The exact neural mechanism by which activity in the SMA/premotor area is related to the ability to inhibit a previous task set, however, is unclear. In this context, it is noteworthy that previous research has suggested that increased inhibitory activity in a brain region can lead to a greater, instead of a smaller, fMRI signal, because of increased activation of gamma-aminobutyric acid interneurons in that region (see Logothetis, 2008). Therefore, it is possible that increased activity in the SMA/premotor area could reflect greater inhibition of the stimulus–response associations in individuals who are better at task set inhibition. Clearly, however, this speculation needs to be directly examined in future research. Lastly, note that premotor cortex receives direct projections from the BG (Strick, 2004), which may suggest that the BG influences activity in the premotor cortex during BI.

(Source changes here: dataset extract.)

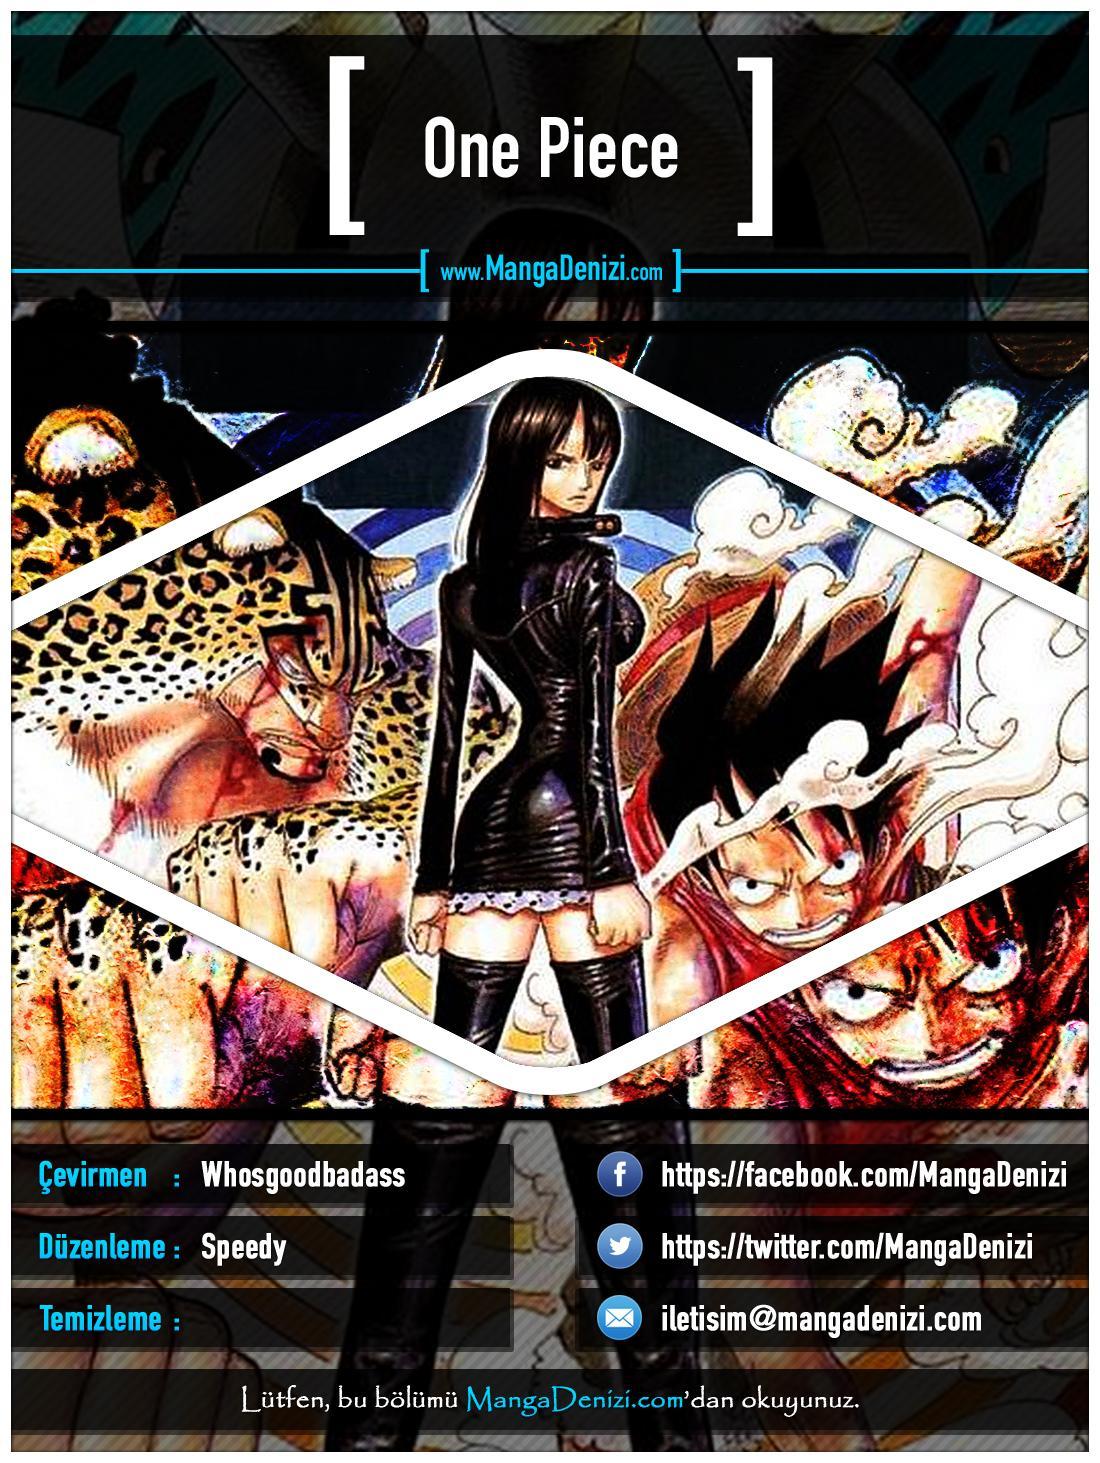 One Piece [Renkli] mangasının 0334 bölümünün 1. sayfasını okuyorsunuz.
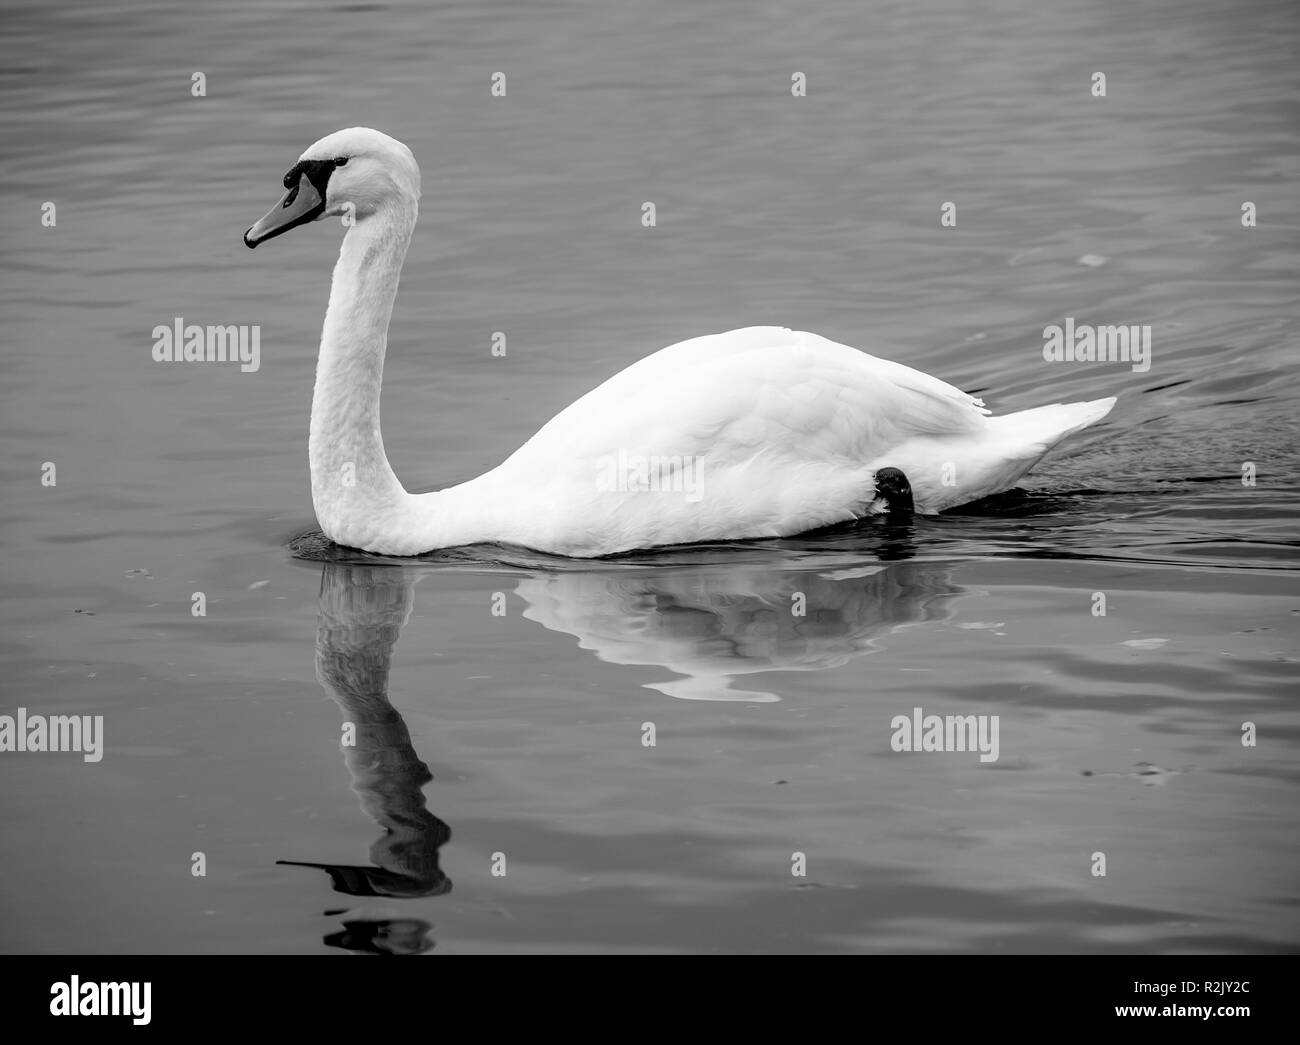 Ein männlicher Mute swan in Schwarz und Weiß Schwimmen auf dem See Windermere Bowness Lake District National Park Cumbria England Vereinigtes Königreich Großbritannien Stockfoto

Also note that it is possible that our measure of inhibitory ability (the RT difference between ABA and CBA trials) might, in part, reflect the ability to overcome the inhibition of the initial task set (e.g., the initial task A) and that the regression of BI scores onto brain activity during a task switch may have therefore partially elicited brain activity related to the ability to overcome task set inhibition. This alternative account, however, is unlikely to be valid for a few reasons. First, increased BI scores were significantly related to decreased switch costs (r = −.444, p = .02). If increased BI scores were primarily related to difficulties in reactivating an inhibited task set, individuals with increased BI scores should be worse at task switching, not better, as we observed. Second, we measured brain activity when participants were switching away from task A (AB) but not when switching back to a recently inhibited task set (ABA), which is when brain activity should reflect the cognitive processes involved in overcoming inhibition. Indeed, the fMRI version of the task did not even include any ABA trials, but only trials in which there would be less inhibition to overcome—control trials (CBA) and unclassified-switch trials (BBA). Hence, if our fMRI contrast did not elicit brain activity involved in overcoming inhibition, the regression of BI scores onto this brain activity also would not elicit brain activity involved in overcoming inhibition. Third, Dreher and Berman (2002) previously examined the brain activity involved in overcoming the inhibition of task sets (Dreher & Berman, 2002) by comparing ABA trials to CBA trials. They found activity in a different region, right lateral PFC, from the ones found in the present study, suggesting that our contrast of interest did not elicit activity related to overcoming inhibition (note that even the use of yet more liberal thresholds did not elicit activity in this region in our study). In sum, brain activity in the BG and SMA/premotor cortex is likely to be related to the ability to exert task set inhibition, not to the ability to overcome such inhibition.

In conclusion, in this study we found that individuals who showed more inhibition of previous task sets, as measured behaviorally, showed increased activity in the putamen (a portion of the BG) and in SMA/premotor cortex (BA 6) during task switching. These findings suggest that activity in these regions plays a role in task set inhibition. Future research, however, will be needed to identify the role that these regions play in task set inhibition.